We added a new report called the “Fleet Utilization Report” last week.
This allows you to view the following for up to a month for your fleet:
- Miles
- Hours driven
- Trips
- Days of use
Now you can easily see in seconds (or less than a second, realistically):
- Which vehicles are being over-used
- Which vehicles are being under-used
- How many miles/Trips/Hours/Days of use per month
Here is how you run it under Reports->Activity->Fleet Use:
Here is what the summary looks like (without the “daily” option checked):
If you want to see a “matrix” of vehicle utilization by day, you can click the “daily” box, and see 4 distinct matrices — one for each of the 4 categories of utilization, and columns for each day chosen:
It is important to note that we have run this report for fleets of 1000 vehicles for an entire month, in less than 30 seconds.

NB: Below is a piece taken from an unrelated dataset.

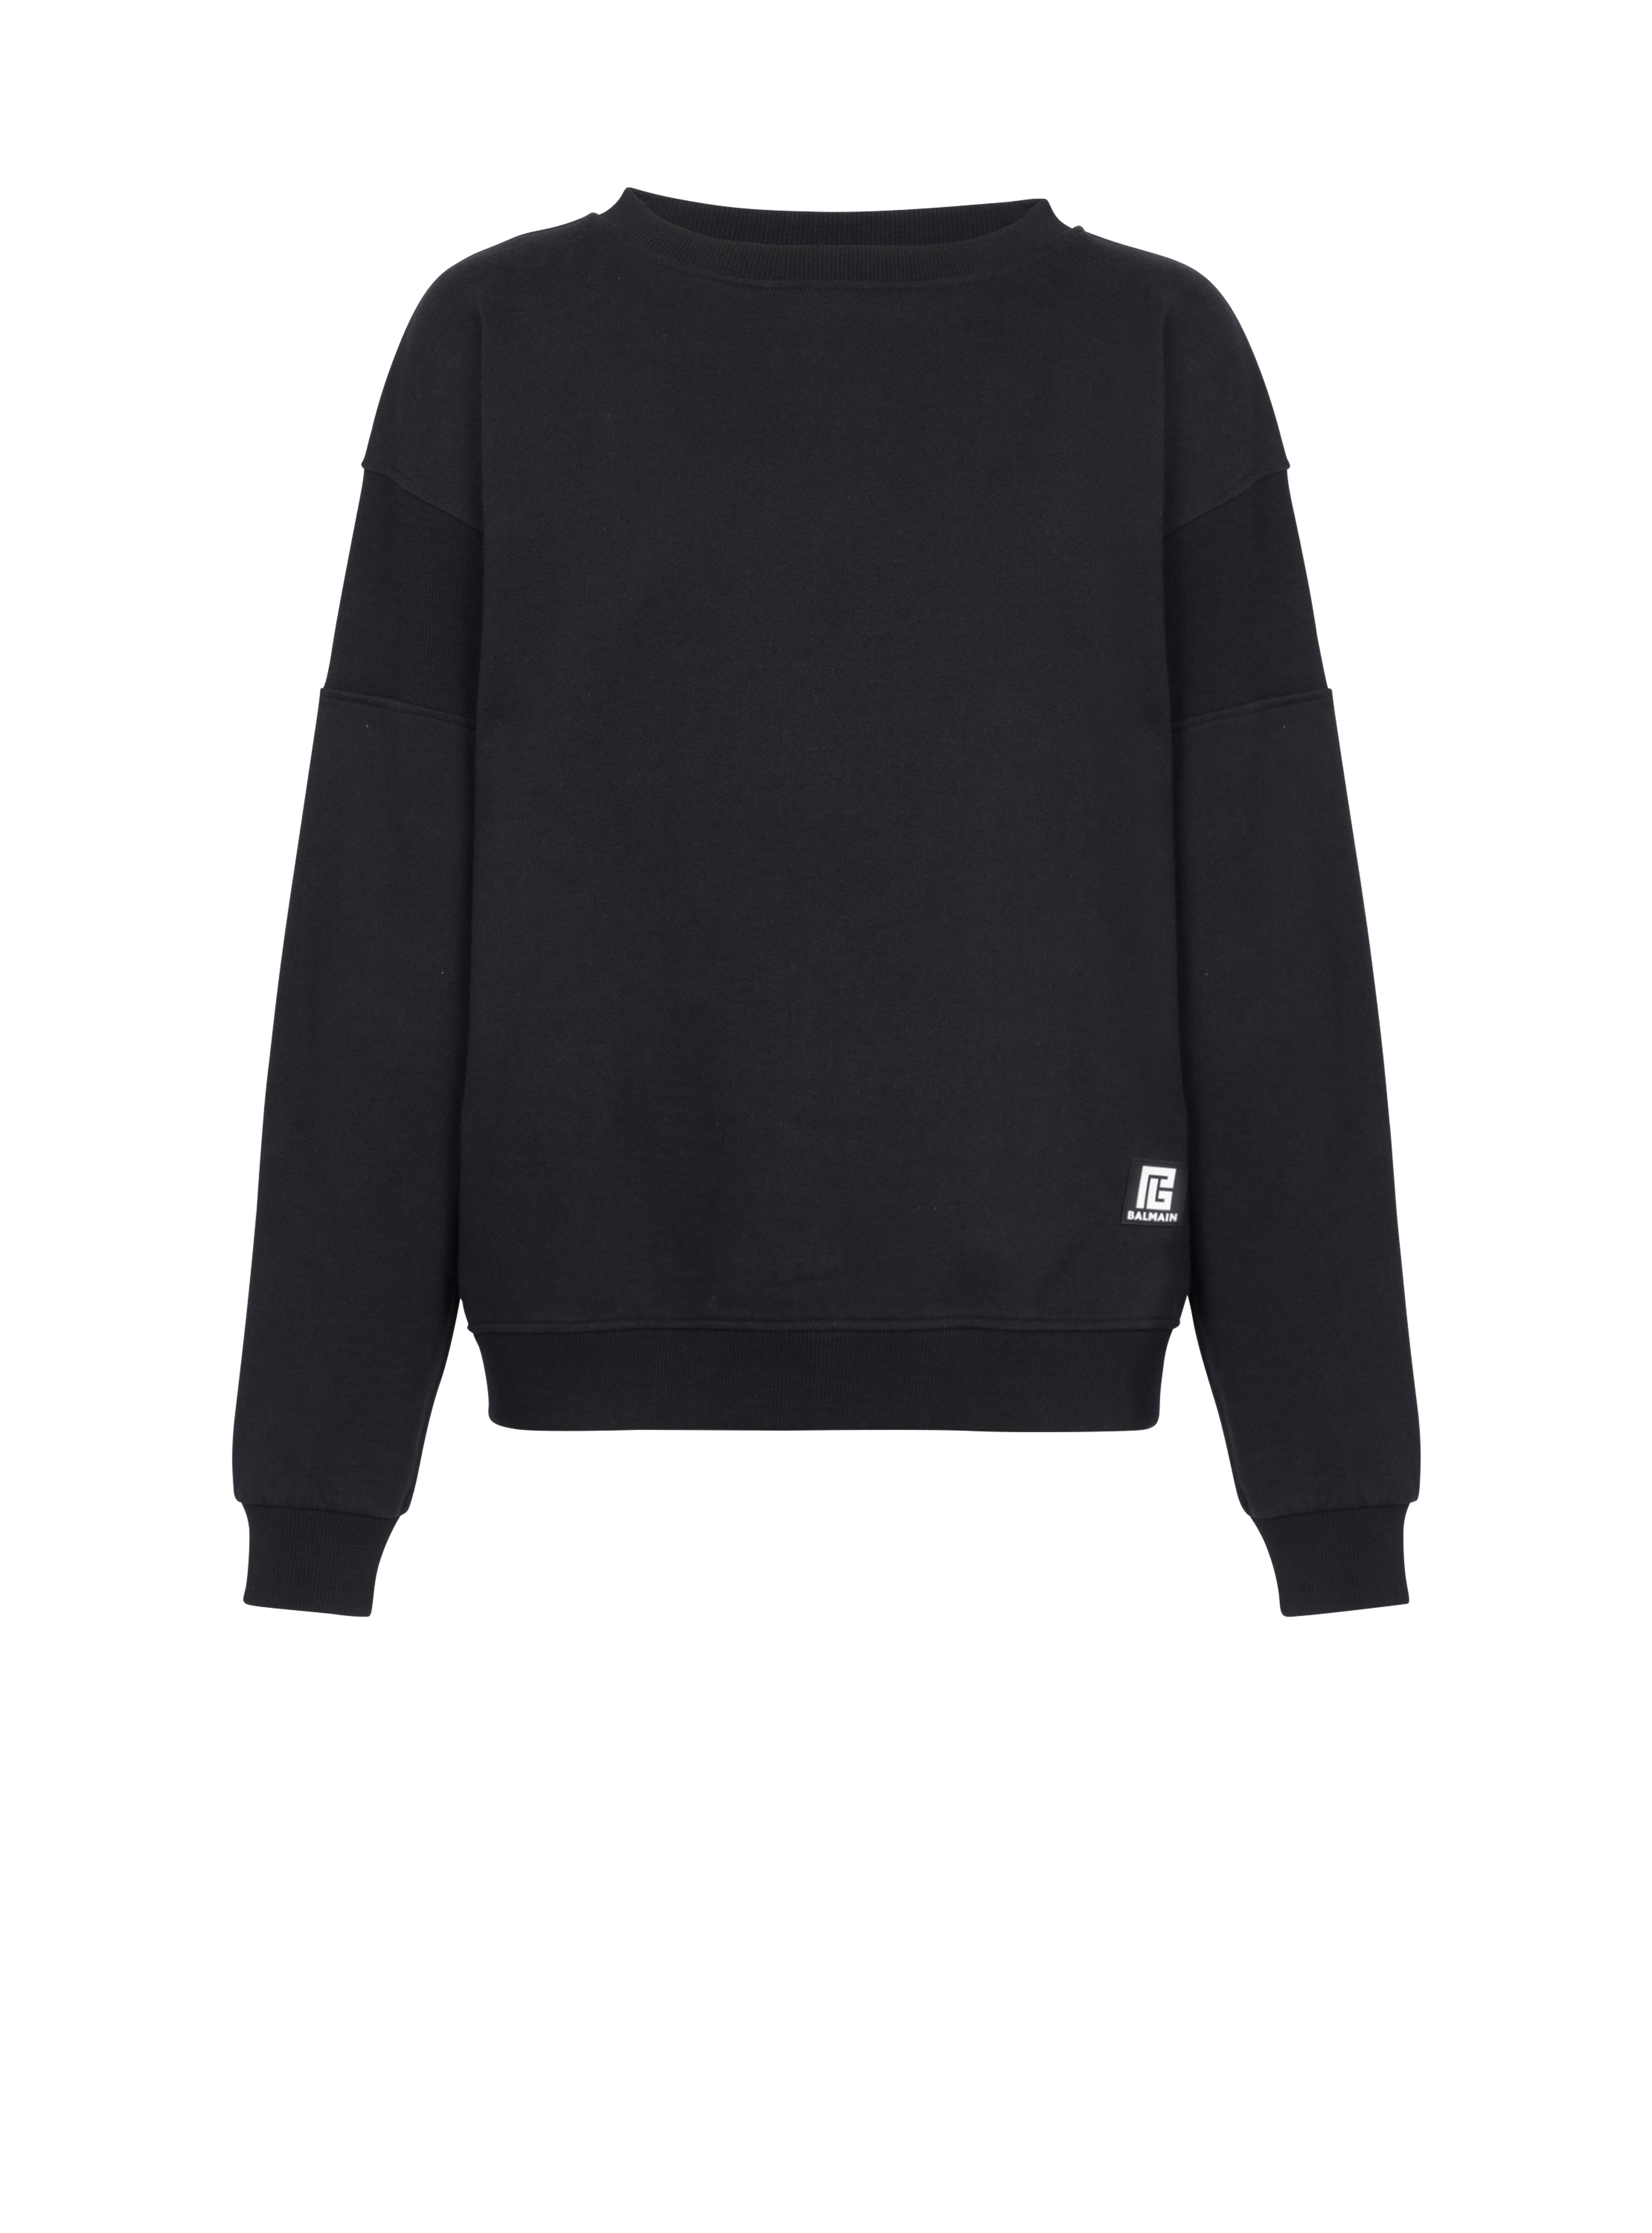 Eco-designed cotton sweatshirt with Balmain logo print, black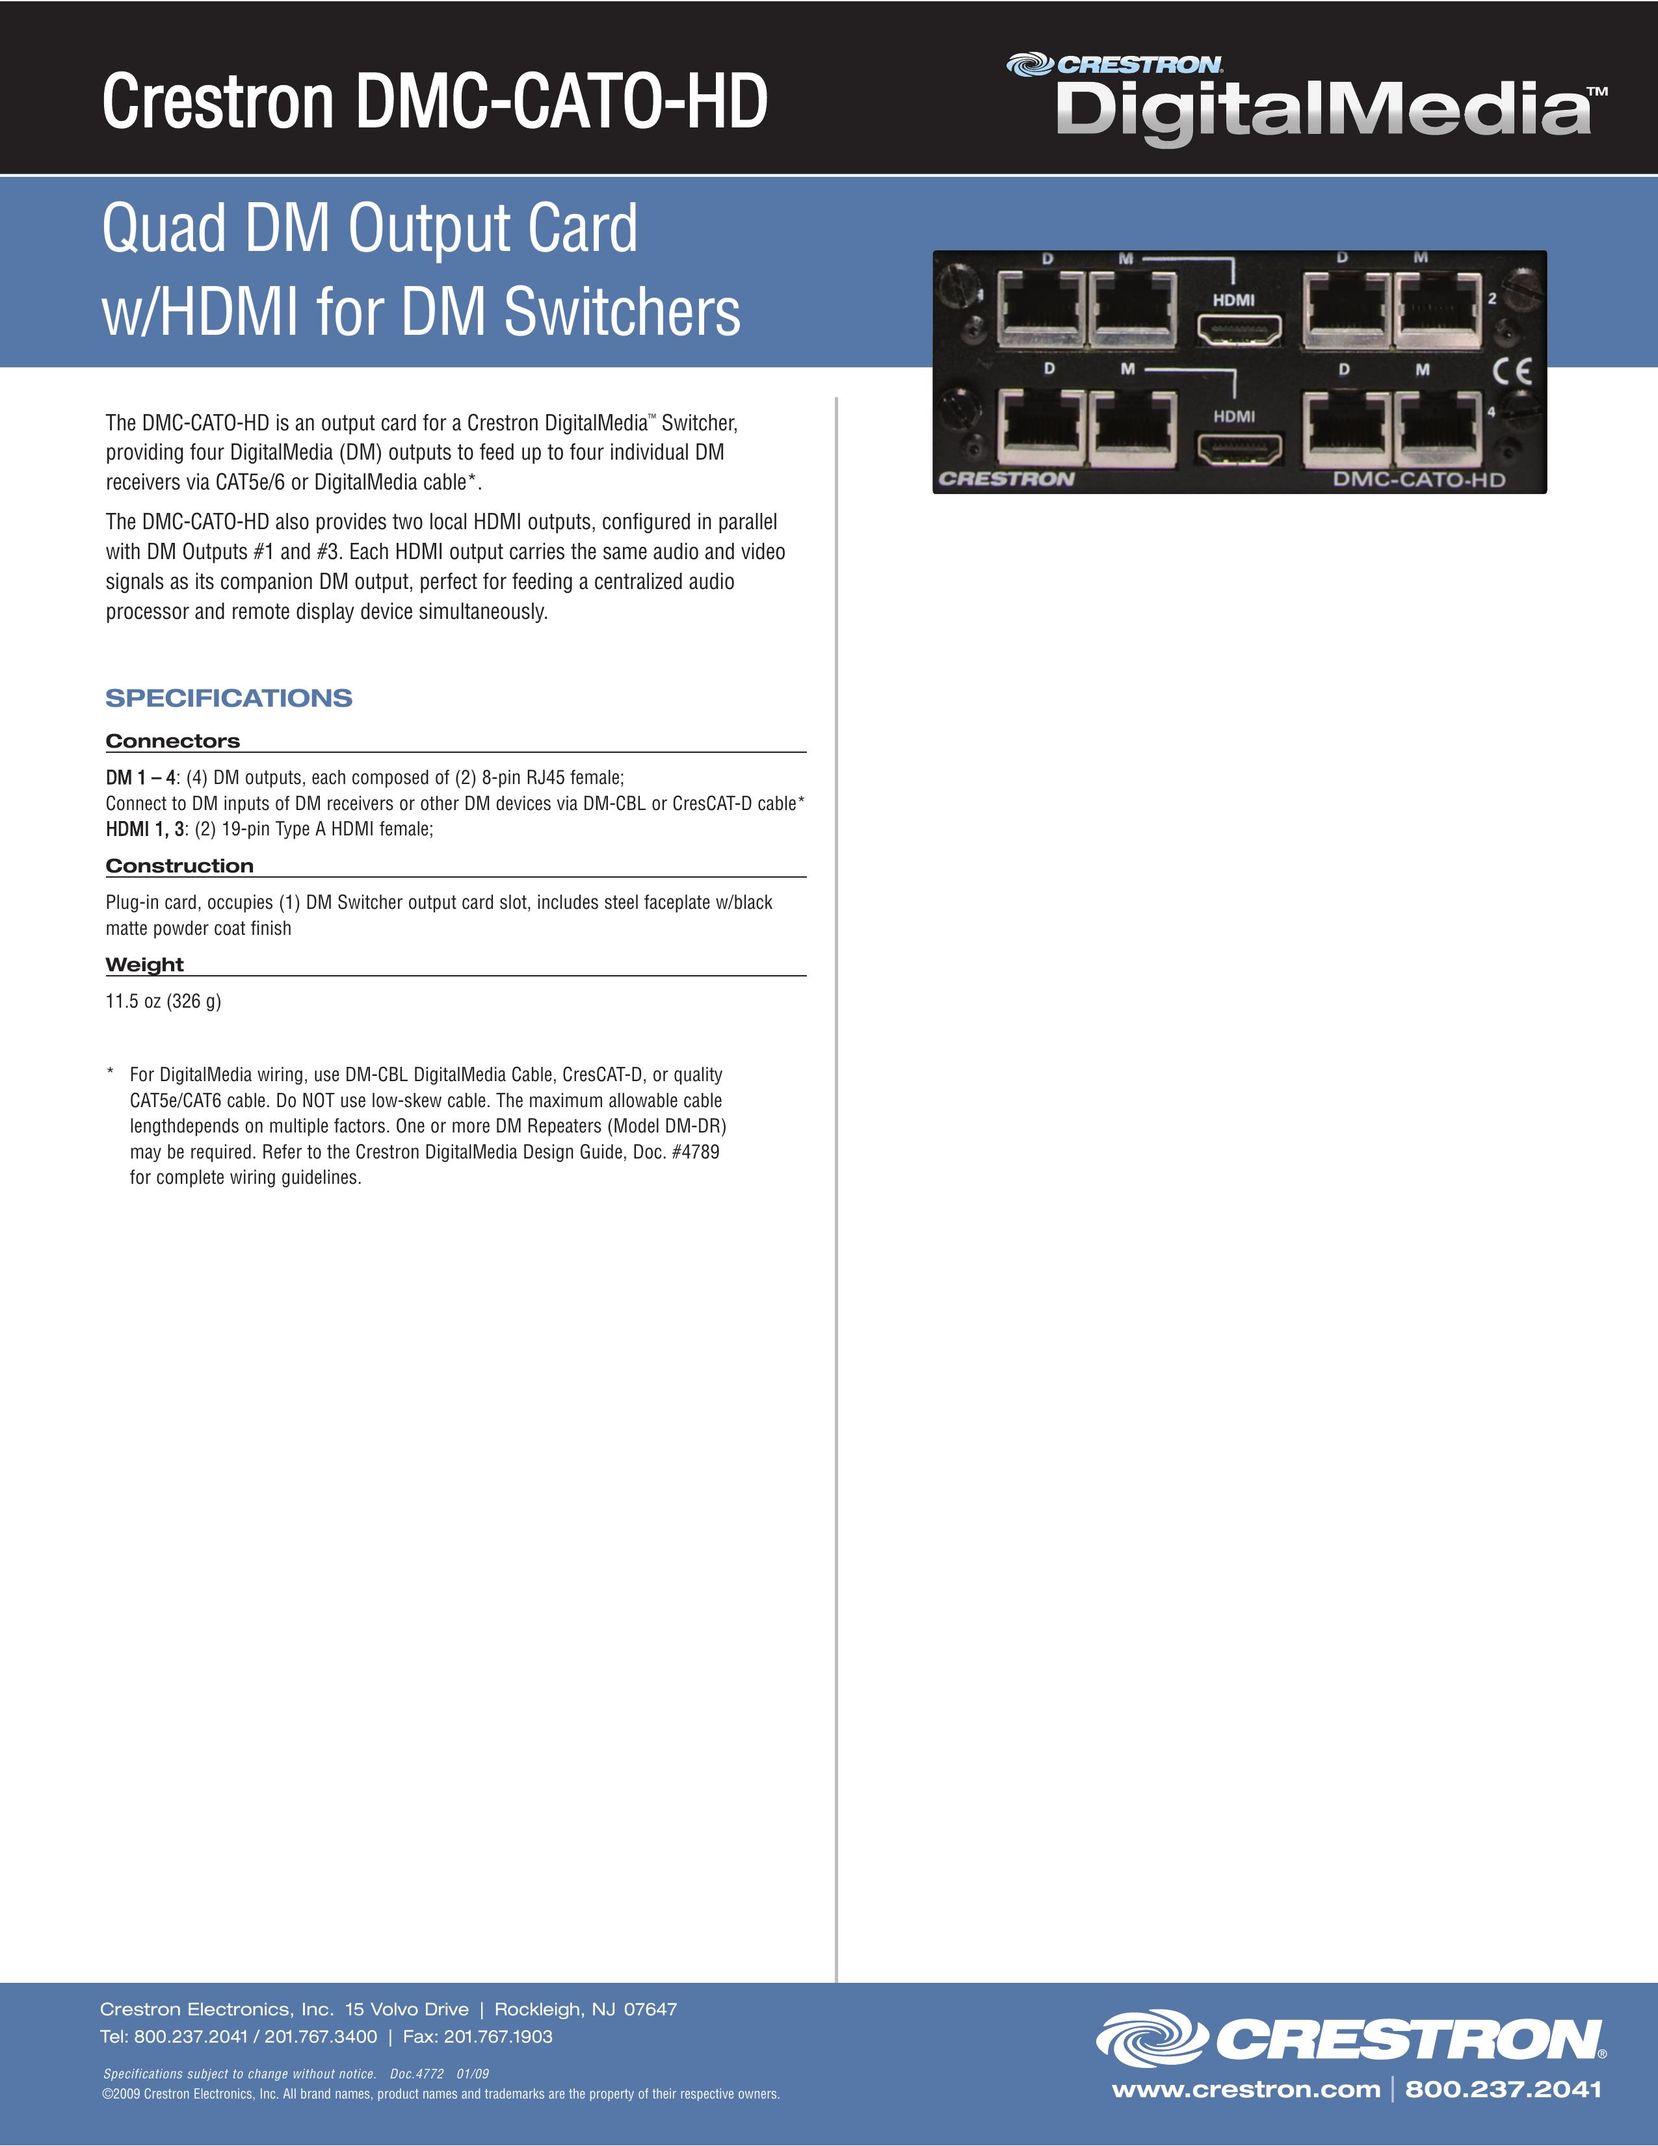 Crestron electronic DMC-CATO-HD Switch User Manual

Most competitors’ reports time out and fail when you try to run this much data at once. This is around 2.5 million miles worth of data for 1000 trucks for a month, in around 25 seconds, which amounts to 100,000 miles per second which we can process for you and your company.
And this report is just one of the 35 or so we offer.
Enjoy!
Thanks,
Rob.




September 5th, 2010 7:31 pm
This is one of the most powerful and most overlooked reasons to consider a competent GPS tracking system for a fleet. It is amazing at times how many fleets, even relatively small ones have vehicles that don’t really get used often enough to justify their existence. Vehicles “eat” even while they are sitting in the parking lot.
A real potential here is school bus fleets. When I was pounding the pavement selling systems I found many bus managers who always answered sales offers with, “sounds good, but of course we have no money”.
Ones who did avail of GPS tracking and put it to use (not always the same thing, sadly) often found that they could eliminate several extra buses that were being held in reserve (but never used), more than paying for the costs of the GPS system.
There’s a lot more to business vehicle costs than just trying to save a few tenths of a MPG.